There is plenty of commentary online about how AI will replace coding as we know it in the future. There’s huge amounts of prediction about what the future holds.1 But I haven’t come across many case studies of rolling out the tools that exist today. So here’s some observations.
For context: SaaS product. Ruby on Rails. Mature (12 years) codebase, in good condition. About 40 developers.
Cursor & Claude Code
We’ve given every developer the option to buy Cursor or Claude Code. (I’ll refer to these as Agents for the rest of this article.) If someone wanted to buy another agentic tool that isn’t one of those we’d probably say yes if the price was similar. In a recent informal survey I did, 8 people answered yes to “I use Cursor/Claude Code for most (or all) of my coding”, and 11 to “I alternate between using them and not using them based on the task, it averages out to about 50% of the time”.
I use Claude Code and don’t really like Cursor. The main reason for that is I’m obsessed with Sublime Text as my editor. So having to change to another editor is basically a deal breaker for me. Most other people are more sane, and thus Cursor adoption has been slightly higher than Claude.
They also different things. Claude (particularly with the newest models) likes to write entire features for you, and can sometimes get a bit carried away. Anthropic’s best practices guide is a goldmine, and one great suggestion it made that I’ve successfully adopted is asking Claude to make a plan before writing any code, and then telling it to write the code.

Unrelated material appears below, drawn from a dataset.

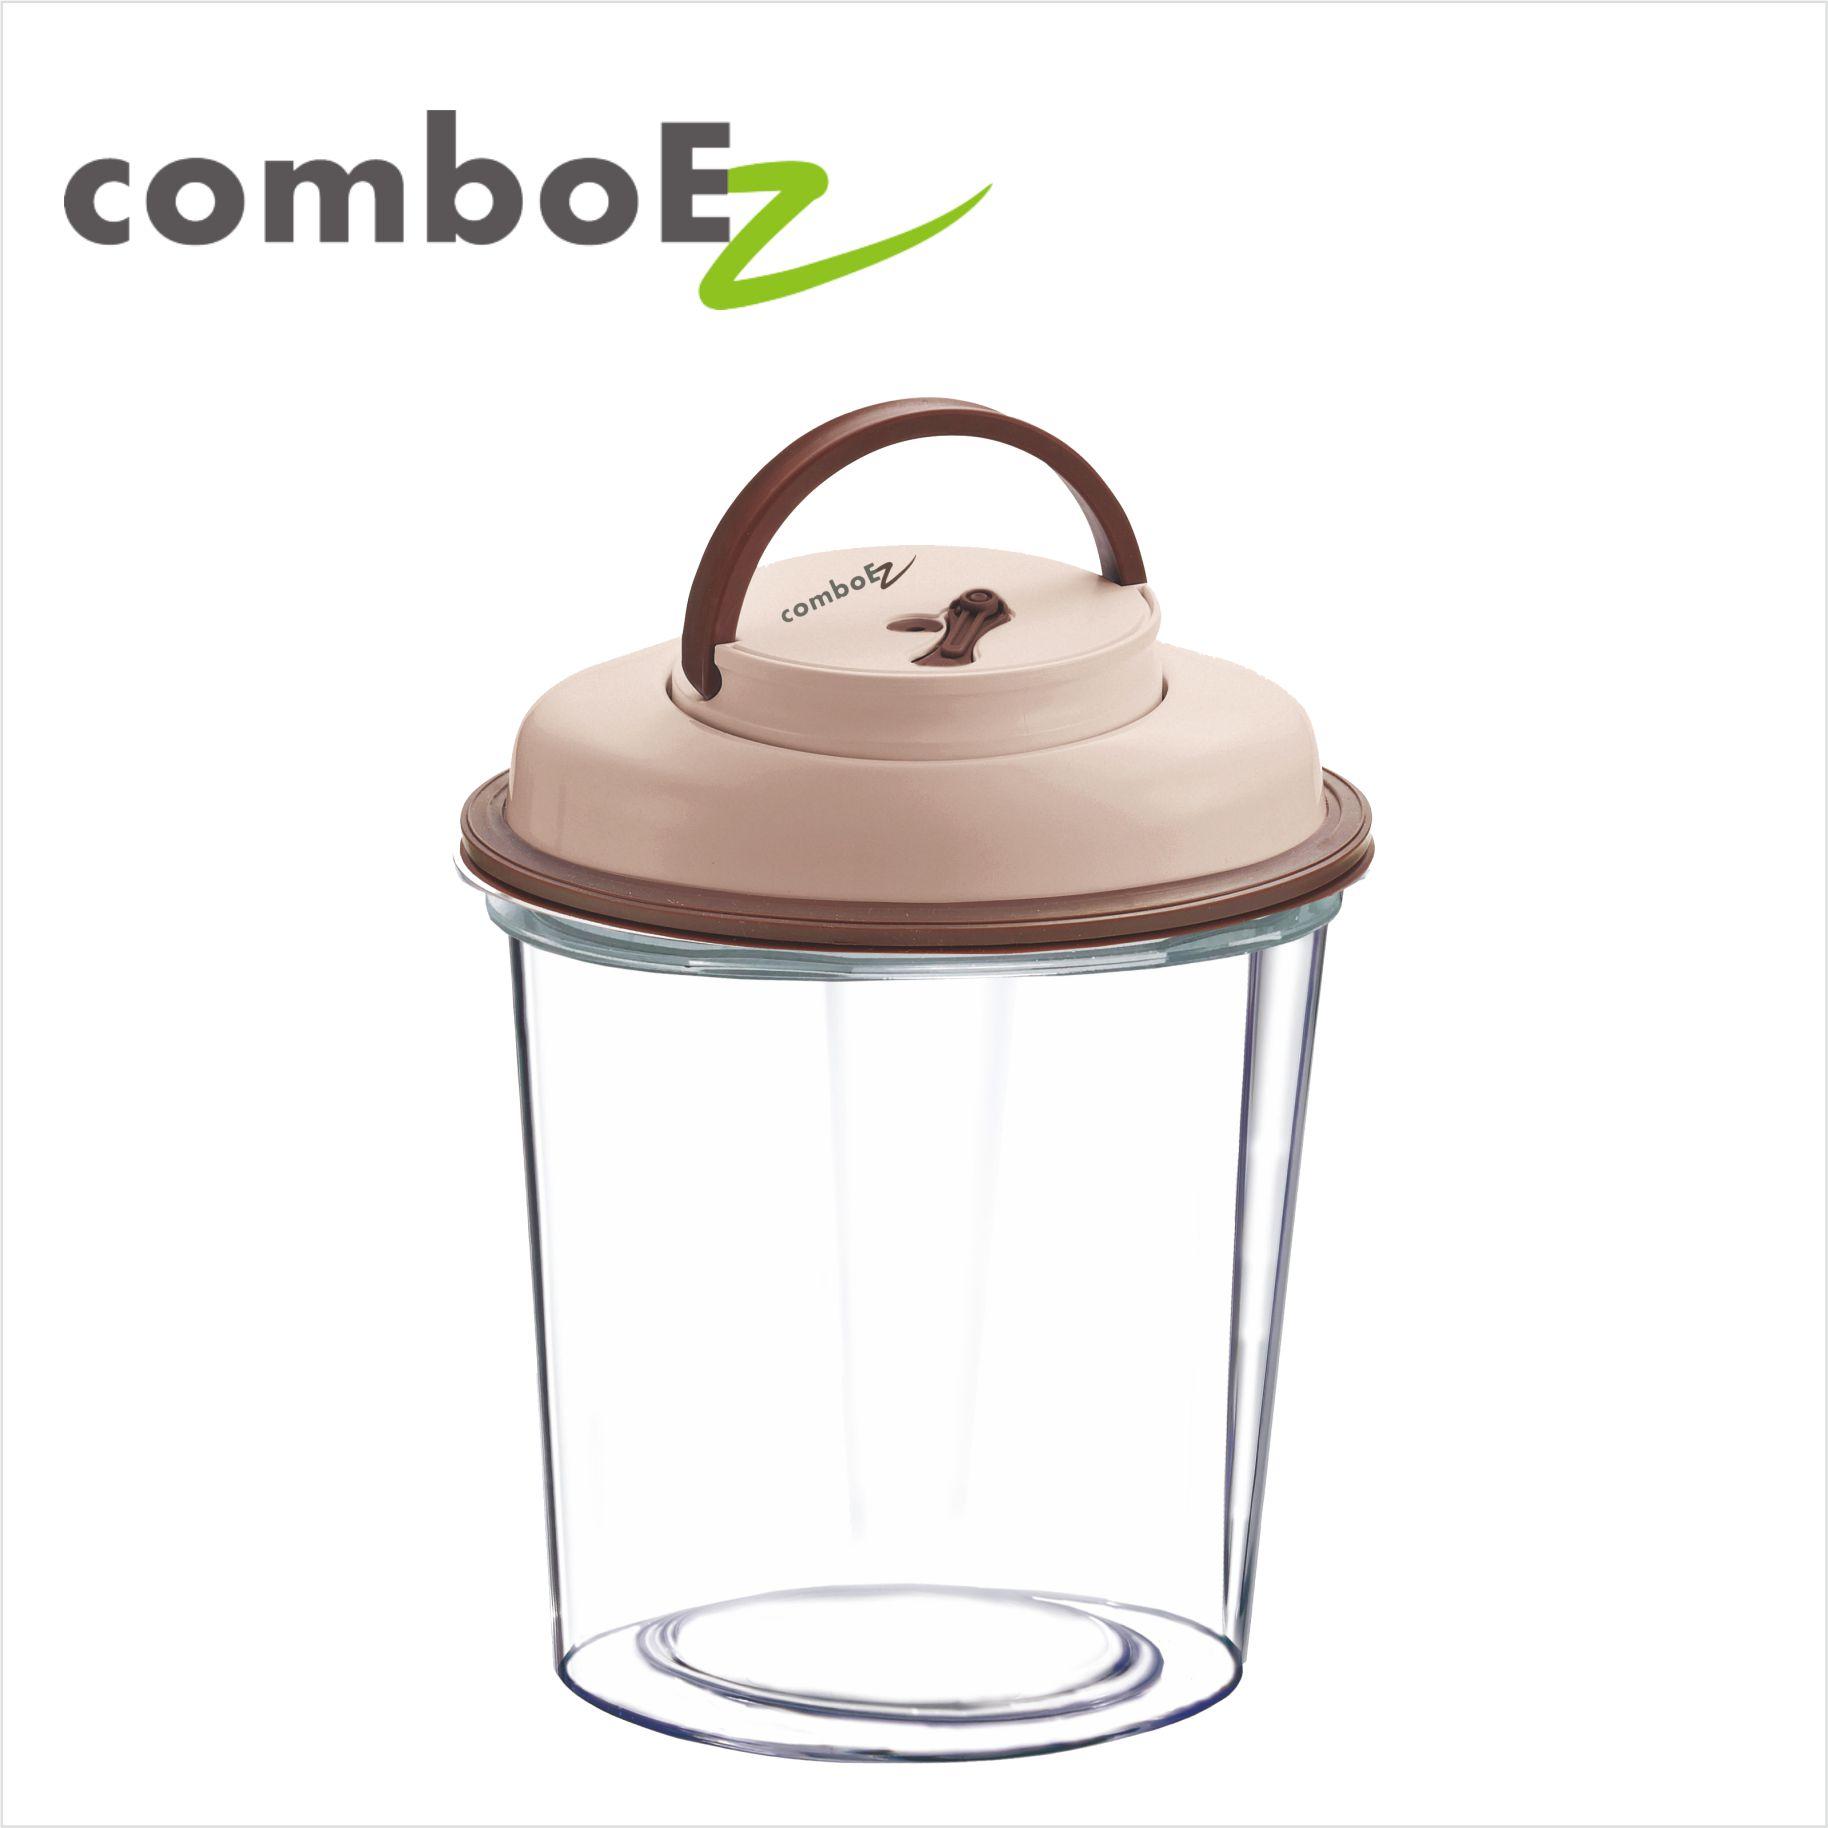 COMBOEZ保鲜盒5L手柄款

By contrast, Cursor (from what I’ve seen) seems to be content making smaller and more self contained changes. It seems less likely to try and write the entire thing and commit it without your consent. Conversely, it seems less capable of doing ambitious one shot prompts.
In the future, a “senior engineer” might be someone who knows the right agent to use for the given task.
What are the productivity gains?
It’s the question everyone is asking. And to be honest it’s hard to give a totally objective answer. How did you mention developer productivity before agents?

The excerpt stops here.